## Work instructions
Look through the entries for the line containing "Ho scoperto il". Then output that line and every line after it, exactly, to the end.

[Stored items]
▬▬▬

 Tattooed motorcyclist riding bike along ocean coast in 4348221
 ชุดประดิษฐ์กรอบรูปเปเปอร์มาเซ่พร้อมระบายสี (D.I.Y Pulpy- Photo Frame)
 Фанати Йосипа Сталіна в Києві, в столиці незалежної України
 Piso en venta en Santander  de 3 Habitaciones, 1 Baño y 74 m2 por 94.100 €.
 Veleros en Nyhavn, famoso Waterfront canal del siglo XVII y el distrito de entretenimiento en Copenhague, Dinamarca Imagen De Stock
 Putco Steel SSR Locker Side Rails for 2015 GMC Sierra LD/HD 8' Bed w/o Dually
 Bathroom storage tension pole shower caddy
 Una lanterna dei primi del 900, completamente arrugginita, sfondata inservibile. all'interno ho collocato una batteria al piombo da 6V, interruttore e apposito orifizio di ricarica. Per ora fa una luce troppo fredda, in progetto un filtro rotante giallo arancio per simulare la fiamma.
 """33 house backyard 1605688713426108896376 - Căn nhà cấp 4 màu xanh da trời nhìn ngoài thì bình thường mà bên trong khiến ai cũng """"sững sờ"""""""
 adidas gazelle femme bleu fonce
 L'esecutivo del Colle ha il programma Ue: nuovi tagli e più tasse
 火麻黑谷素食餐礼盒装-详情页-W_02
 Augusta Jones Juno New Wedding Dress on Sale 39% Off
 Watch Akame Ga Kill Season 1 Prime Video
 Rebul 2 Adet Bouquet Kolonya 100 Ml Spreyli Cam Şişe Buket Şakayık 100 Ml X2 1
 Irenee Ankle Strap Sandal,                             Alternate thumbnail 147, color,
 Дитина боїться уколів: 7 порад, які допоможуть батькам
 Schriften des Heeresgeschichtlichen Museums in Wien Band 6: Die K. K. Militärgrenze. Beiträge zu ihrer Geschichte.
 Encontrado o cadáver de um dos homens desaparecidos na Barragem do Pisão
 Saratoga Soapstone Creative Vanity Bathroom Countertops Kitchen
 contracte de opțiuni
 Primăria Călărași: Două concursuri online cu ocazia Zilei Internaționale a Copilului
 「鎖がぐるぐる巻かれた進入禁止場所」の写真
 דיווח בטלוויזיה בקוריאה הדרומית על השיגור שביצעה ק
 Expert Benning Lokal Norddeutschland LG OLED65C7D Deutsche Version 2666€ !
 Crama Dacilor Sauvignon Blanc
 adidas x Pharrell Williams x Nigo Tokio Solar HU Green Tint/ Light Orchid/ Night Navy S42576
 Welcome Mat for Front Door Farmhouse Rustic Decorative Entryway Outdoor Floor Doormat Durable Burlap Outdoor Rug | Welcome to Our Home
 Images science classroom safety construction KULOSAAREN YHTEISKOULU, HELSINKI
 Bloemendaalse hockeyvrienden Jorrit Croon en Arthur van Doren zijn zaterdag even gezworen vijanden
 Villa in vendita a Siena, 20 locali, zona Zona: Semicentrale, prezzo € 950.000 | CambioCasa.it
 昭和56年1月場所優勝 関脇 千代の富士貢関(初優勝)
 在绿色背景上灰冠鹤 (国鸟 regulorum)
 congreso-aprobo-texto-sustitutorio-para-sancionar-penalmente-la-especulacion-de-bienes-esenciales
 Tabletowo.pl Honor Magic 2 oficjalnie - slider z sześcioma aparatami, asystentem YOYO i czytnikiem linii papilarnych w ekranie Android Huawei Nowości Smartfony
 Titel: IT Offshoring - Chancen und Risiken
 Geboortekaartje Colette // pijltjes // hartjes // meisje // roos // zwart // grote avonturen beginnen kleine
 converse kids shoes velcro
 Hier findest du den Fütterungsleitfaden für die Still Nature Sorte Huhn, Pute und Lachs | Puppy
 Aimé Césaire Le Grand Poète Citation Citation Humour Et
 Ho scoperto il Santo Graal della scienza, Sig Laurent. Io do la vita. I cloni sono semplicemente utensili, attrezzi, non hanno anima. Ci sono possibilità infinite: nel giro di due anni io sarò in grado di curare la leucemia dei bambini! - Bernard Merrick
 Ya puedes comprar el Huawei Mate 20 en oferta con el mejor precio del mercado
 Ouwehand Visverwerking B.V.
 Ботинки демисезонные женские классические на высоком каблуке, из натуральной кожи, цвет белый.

▬▬▬

## Final answer
 Ho scoperto il Santo Graal della scienza, Sig Laurent. Io do la vita. I cloni sono semplicemente utensili, attrezzi, non hanno anima. Ci sono possibilità infinite: nel giro di due anni io sarò in grado di curare la leucemia dei bambini! - Bernard Merrick
 Ya puedes comprar el Huawei Mate 20 en oferta con el mejor precio del mercado
 Ouwehand Visverwerking B.V.
 Ботинки демисезонные женские классические на высоком каблуке, из натуральной кожи, цвет белый.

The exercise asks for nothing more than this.